Eventuell durch Lesebestätigungen verursachte Irritationen sind gücklicherweisen meist von kurzfristiger Dauer. Doch angeblich soll es auch schon zu Trennungen von Paaren gekommen sein, weil ein Partner trotz Lesens partout nicht auf die Mitteilungen des anderen antwortete. Angesichts derartig weitreichender Folgen von Zwangs-Lesebestätigungen gibt es wenig verwunderlich diverse Tools, die in der Theorie etwa bei Kakao Talk und bei Facebook Lesebestätigungen ausschalten. Angesichts funktioneller und plattformbezogener Begrenzungen muss ihr tatsächlicher praktischer Nutzen jedoch angezweifelt werden.

Das Kalkül hinter den Lesebestätigungen

Auffällig ist, dass es die kostenlosen Messenger sind, die ihre Mitglieder bei den Lesebestätigungen bevormunden. Der Grund hierfür liegt auf der Hand: Die Betreiber wollen mit Lesebestätigungen Dringlichkeit erzeugen, um so die Aktivität und Nutzungsdauer zu erhöhen. Nur so lässt sich erklären, dass die Gratis-Apps Facebook, Kik, Line, Path und Kakao Talk ihren Usern Lesebestätigungen aufzwingen, während einer der populärsten Services, nämlich WhatsApp, ganz auf eine derartige Funktion verzichtet. Der kalifornische Dienst zeigt in Form zweier grüner Häckchen neben einer Nachricht lediglich an, wann sie versendet und an Empfänger übermittelt wurde. WhatsApp finanziert sich durch Mitgliedergebühren und ist somit nicht darauf angewiesen, die Nutzeraktivität künstlich zu erhöhen, um sich für nachgelagerte Erlösquellen attraktiv zu machen. Angesichts der enormen Konkurrenz im Messengersegment bleibt abzuwarten, wie lange der Anbieter sich diesen "Luxus" leisten kann. Dass iMessage Lesebestätigungen als optionales Feature anbietet, kann damit erklärt werden, dass der Service anders als die Konkurrenz lediglich ein nicht monetarisiertes Feature von iOS darstellt.
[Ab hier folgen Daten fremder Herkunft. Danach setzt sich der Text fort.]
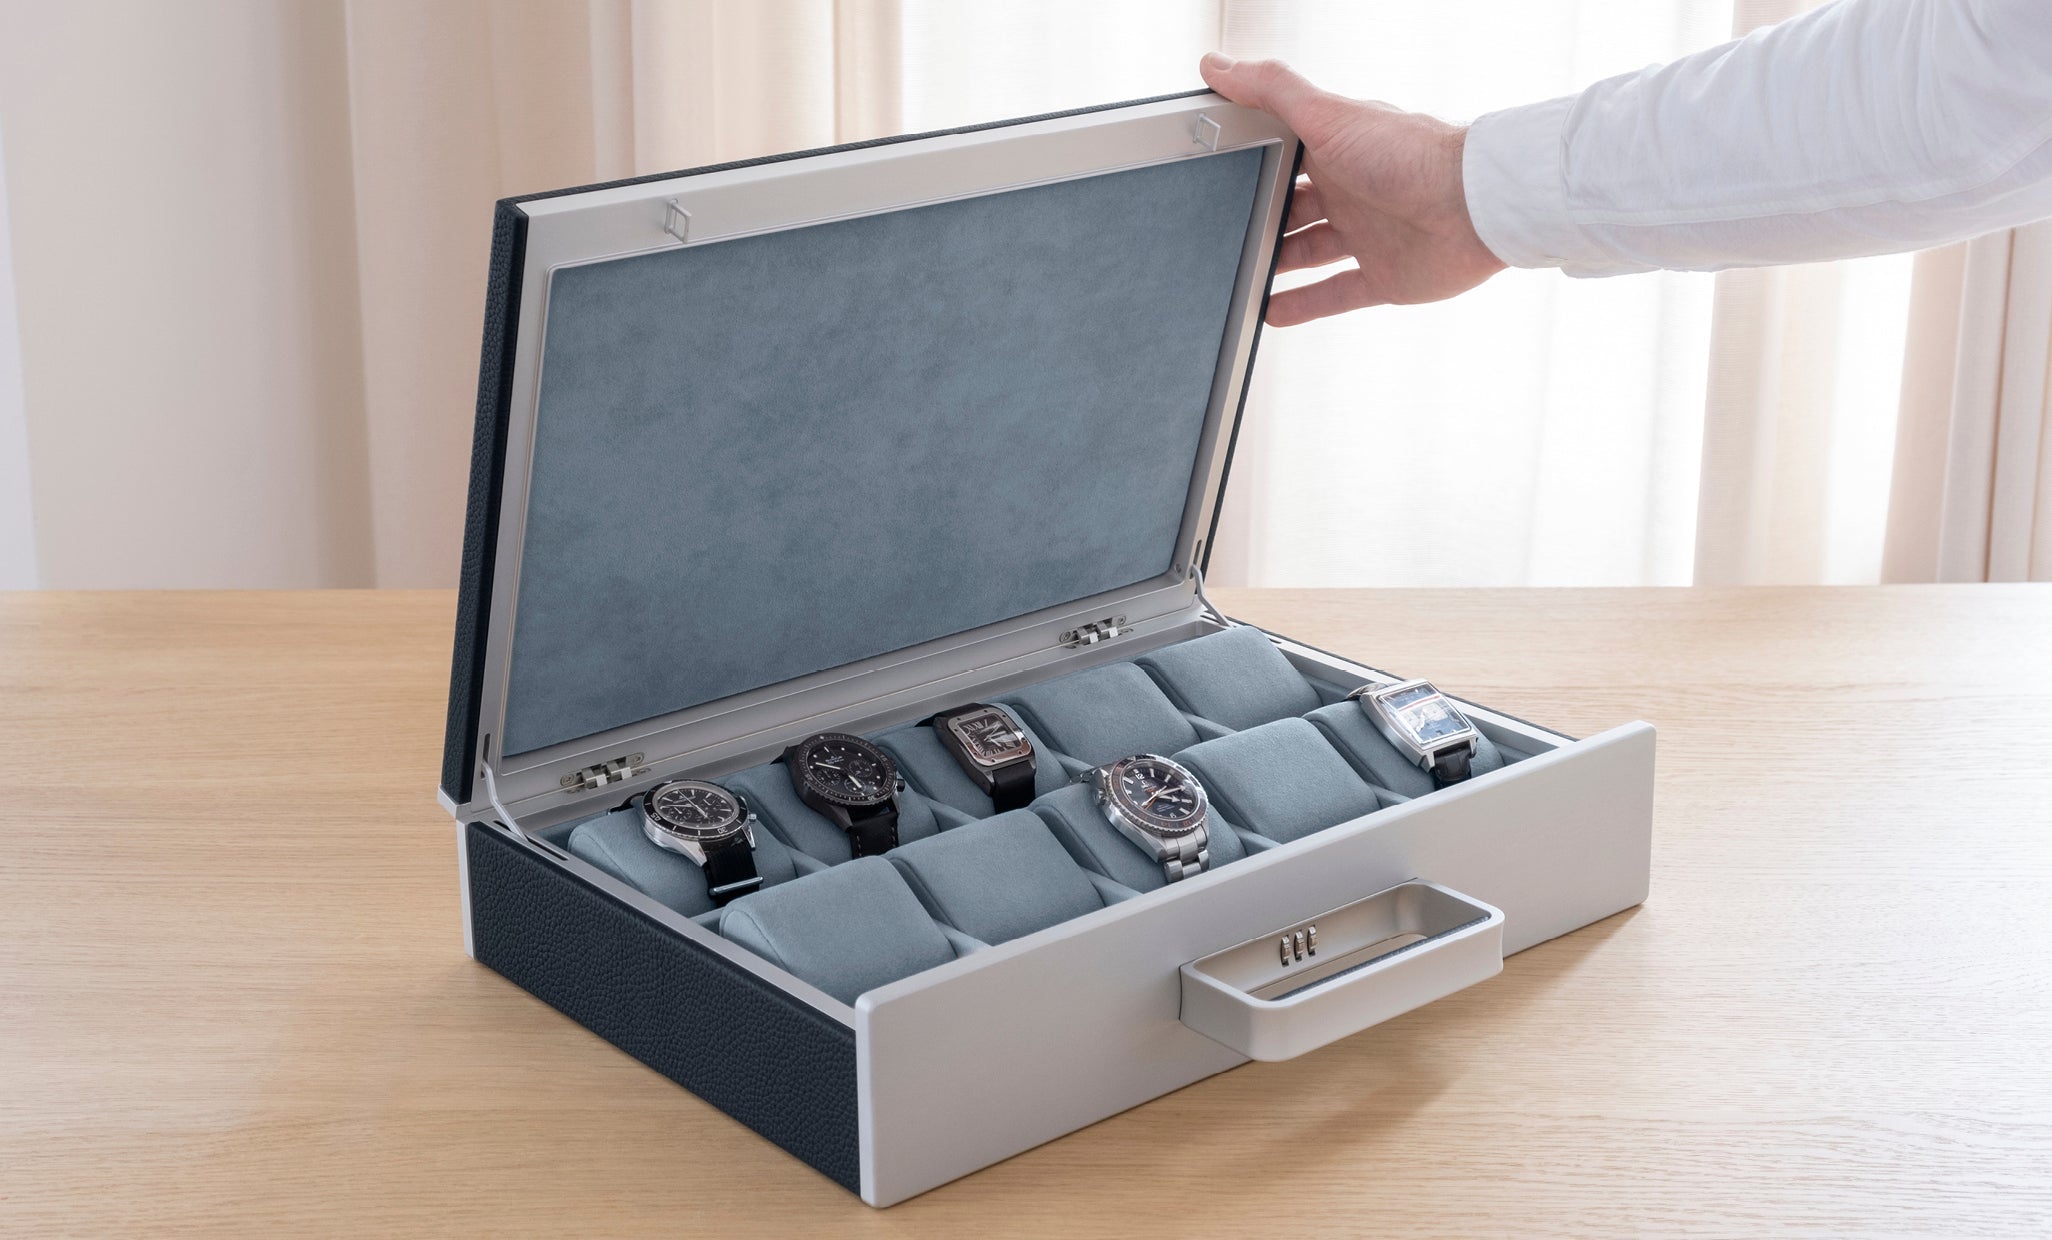 watch accessories for up to 10 watches, watch storage solution for up to 10 pieces, watch collection briefcase

Allein dem aufstrebenden mobilen VoIP- und Chatservice Viber fehlen Lesebestätigungen, obwohl er kostenfrei angeboten wird. Allerdings macht das mit 20 Millionen Dollar aus privaten Taschen finanzierte israelisch-amerikanische Startup bisher trotz rasantem Wachstums noch überhaupt keine Anstalten, Umsätze zu generieren, ist also ein generell ein Sonderling. Und erzwungene Lesebestätigungen sind schnell implementiert, falls erforderlich.
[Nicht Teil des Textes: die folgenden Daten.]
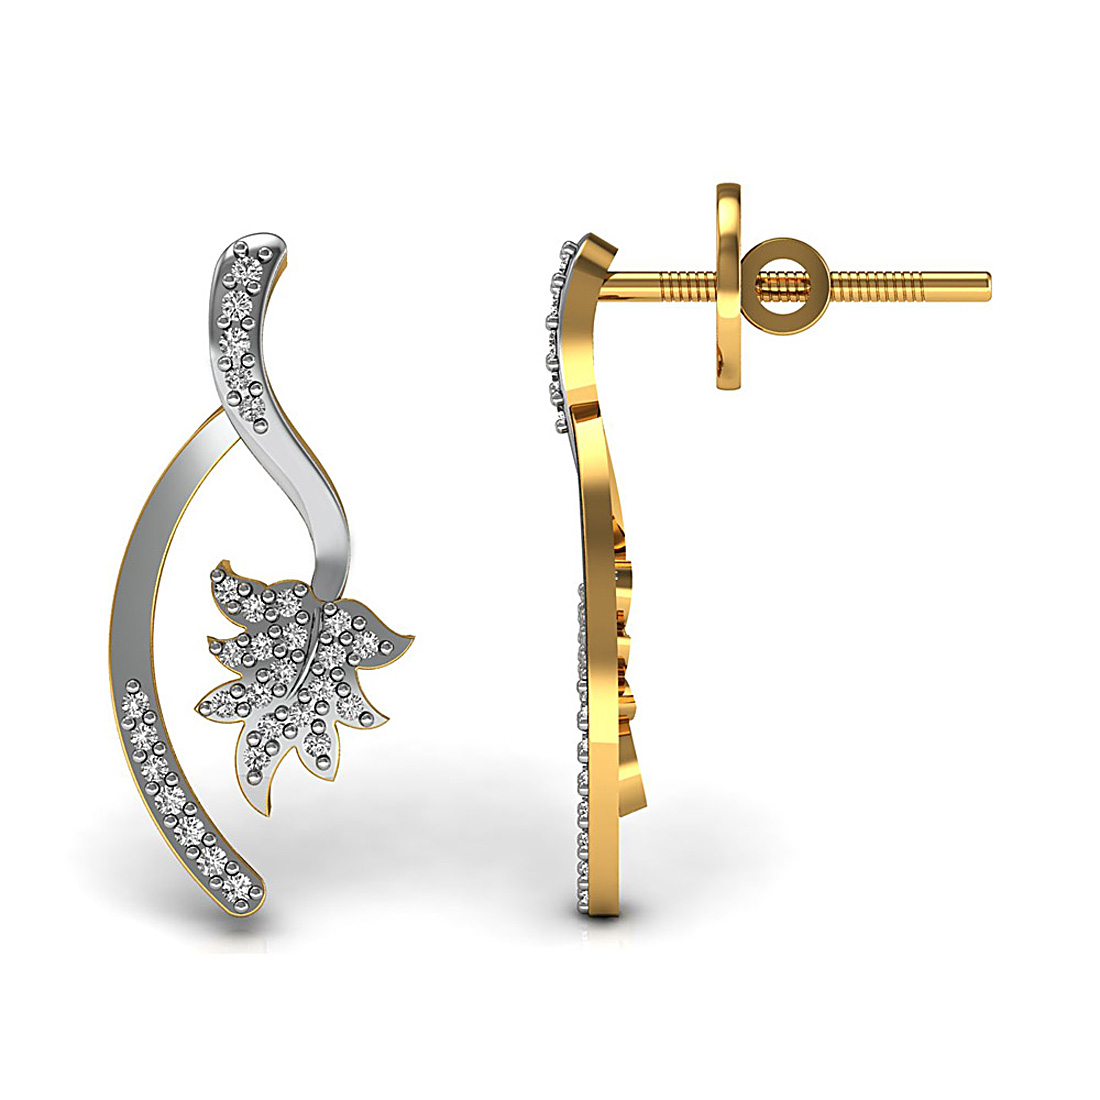 Beautiful pair of leaf style stud earrings studded with natural diamond and made in 18k solid yellow gold.

Anwender sollten die Wahl haben

Es ist wichtig zu akzeptieren, dass verschiedene Kommunikationstypen unterschiedliche Ansprüche an ihre Onlinekonversationen haben. Manche werden meine Beschwerde über Lesebestätigungen nicht nachvollziehen können, andere dagegen schon. Im Netz finden sich zahlreiche, die zunehmende Verbreitung dieser Funktionalität kritisierende Beiträge. Den besten Weg geht meines Erachtens nach iMessage, das Anwendern die Entscheidung überlässt, ob sie Lesebestätigungen verwenden möchten oder nicht. Ein Lob verdient auch WhatsApp, wobei man argumentieren könnte, dass eine optionale "Gelesen"-Funktion für diejenigen, die sie schätzen, wünschenswert wäre.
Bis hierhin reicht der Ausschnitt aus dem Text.